Para levar o contexto histórico e social da Cultura Hip Hop, a professora de dança, arte-educadora e b-girl, Karina Rolim da Silva, utiliza livros, filmes, documentários e clipes de músicas que retratam como era o ambiente das festas quando o hip hop surgiu, nos guetos dos Estados Unidos. 

“É através desse resgate que eu mostro e analiso com eles o percurso dos quatro elementos fundamentais do hip hop. O breaking, por exemplo, é algo muito familiar para eles. Mas de onde veio isso? Os alunos menores têm uma necessidade muito grande de compreender a origem das coisas”, explica a professora.

A dança sempre será um elo importante para envolver os adolescentes. E nem só de breaking vive o hip hop. Karina, que é também dançarina, aconselha apresentar vídeos com danças afrodiaspóricas estadunidenses, juntamente com outras danças, como por exemplo a salsa. “Essas danças são a base das danças urbanas que conhecemos hoje. É legal mostrar para eles como chegamos nessa levada.”

As letras, segundo a professora, podem ser trabalhadas a partir das próprias reflexões trazidas pelo compositor ou compositora, com debates que vão do racismo, machismo e homofobia até a desigualdade social em si. E as análises, afirma Karina, são apenas o pontapé para que os alunos criem suas próprias letras, fazendo emergir questões pertinentes à subjetividade de cada um.

Indicações de músicas para trabalhar com as turmas do 6º ao 9º ano 

As letras das canções contam, muitas vezes, verdadeiras histórias.
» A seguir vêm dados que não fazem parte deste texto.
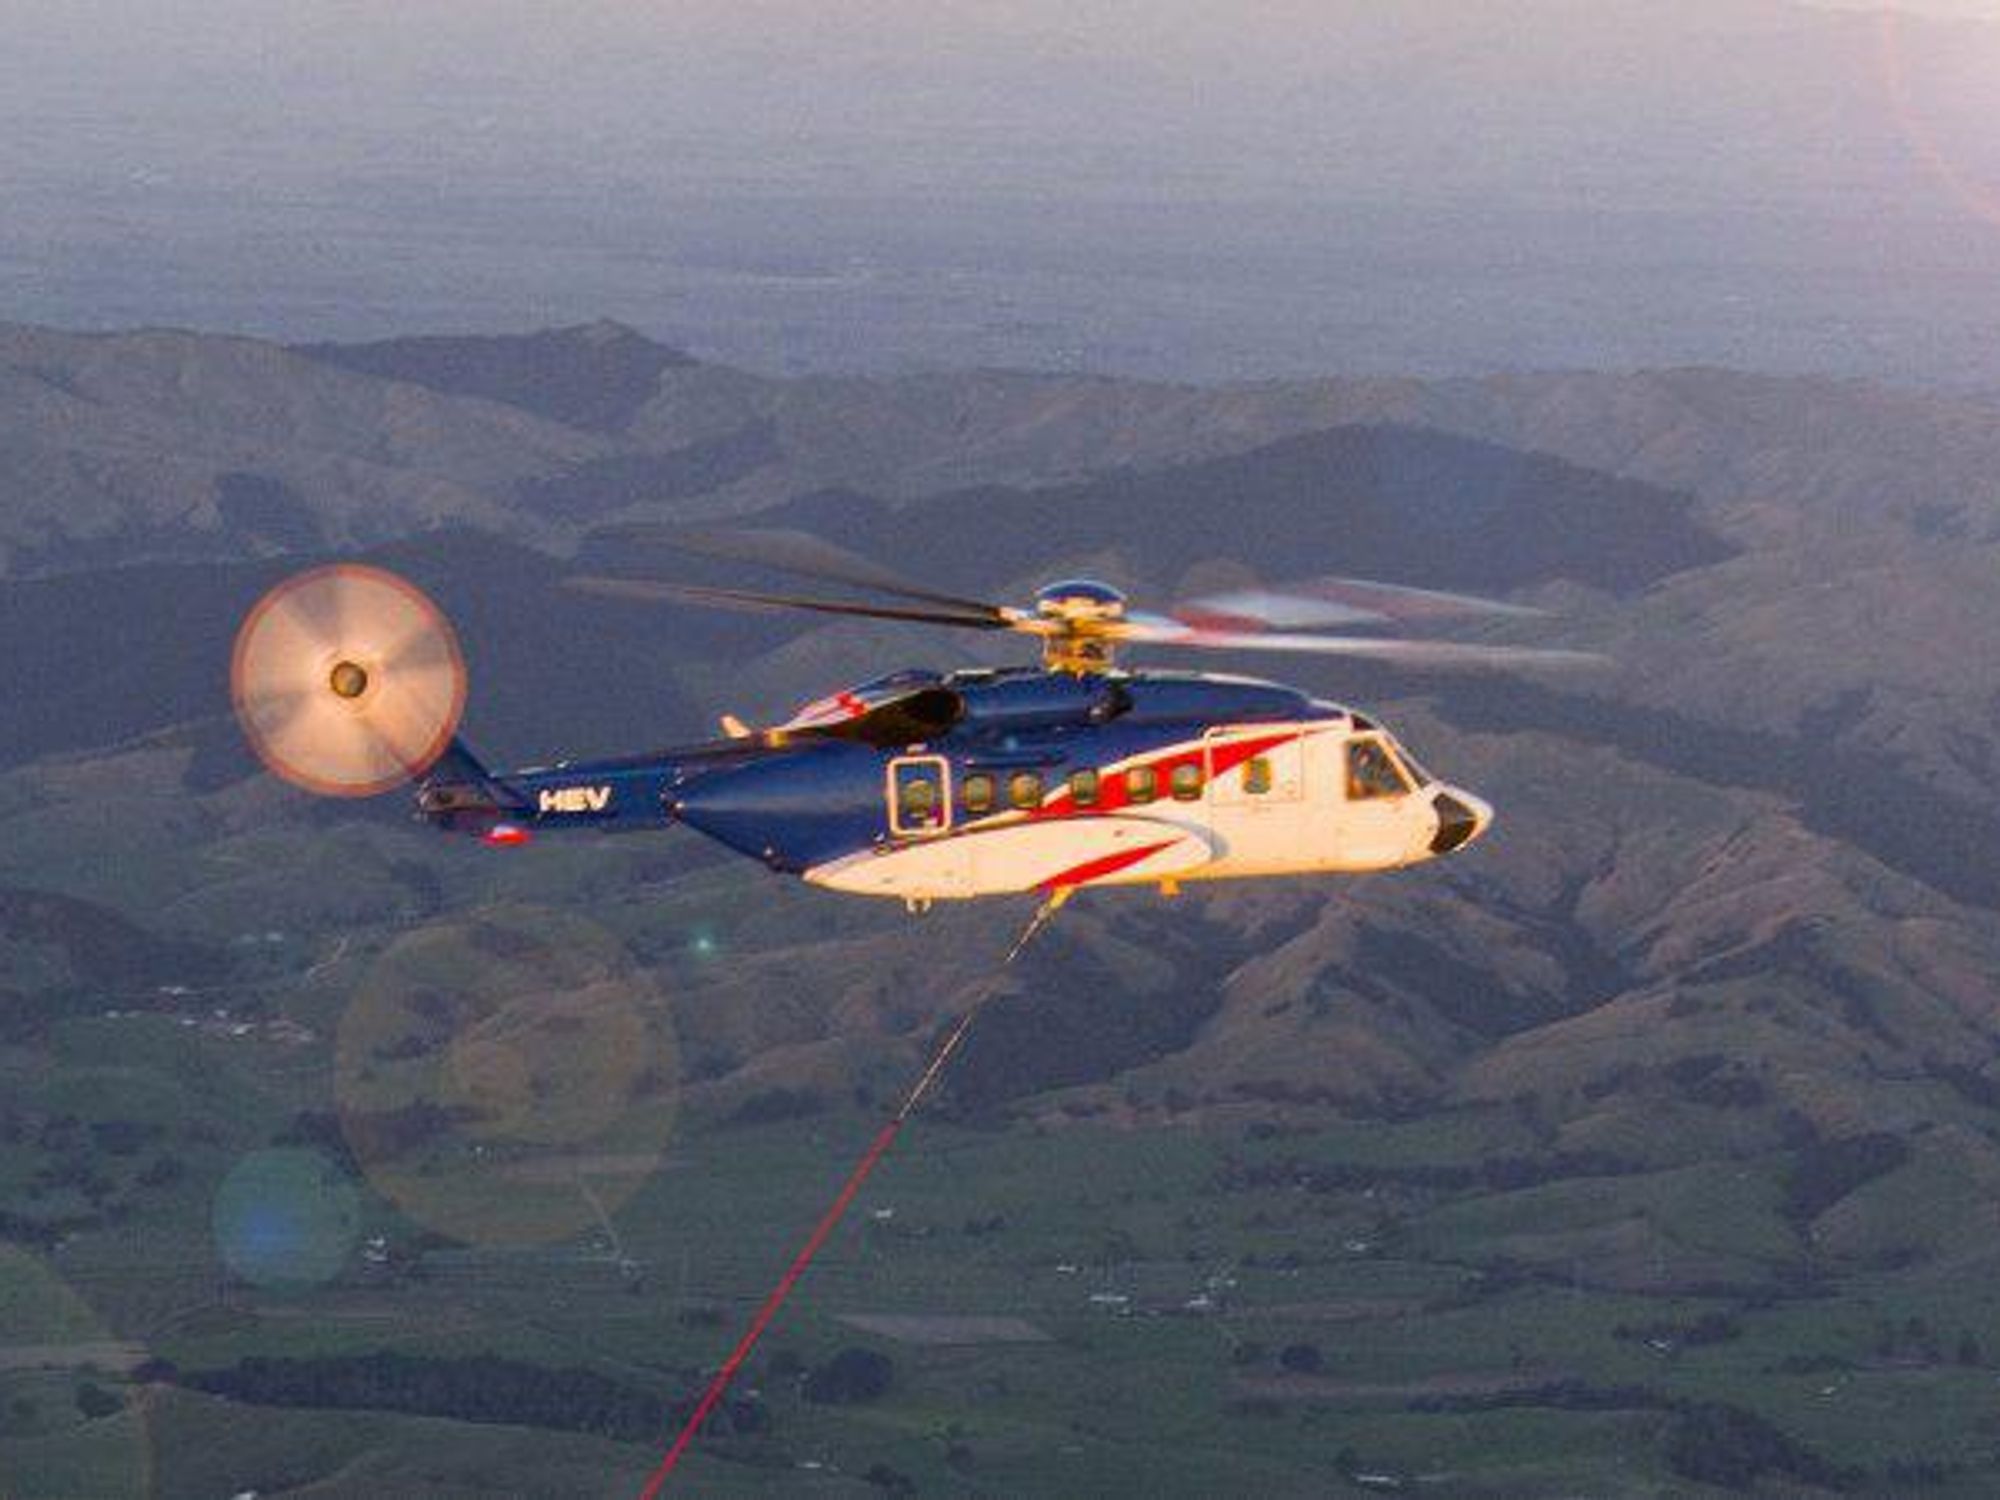 How To Watch Rocket Lab Use a Helicopter To Catch a Rocket Booster

E algumas dessas histórias são justamente sobre a história decolonial do Brasil, ou seja, a história do país sob a perspectiva dos povos originários e da diáspora africana. Algumas indicações de Karina para trabalhar na sala de aula são: 

Manifesto Porongos (Rafuagi)

AmarElo (Emicida)

Cota não é esmola (Bia Ferreira)


Orientações para os Anos Iniciais nas aulas de Arte

Nos Anos Iniciais, é importante, sempre que possível, preservar a abordagem lúdica, que contemple as brincadeiras e o prazer que pode proporcionar. O ensino da dança breaking pode ser feito como em uma ciranda, com cada um mostrando os seus movimentos, aponta Karina, reforçando que levar a história da Cultura Hip Hop é essencial para uma abordagem mais intencional, de maneira que os alunos compreendam a origem e os porquês dessas manifestações culturais.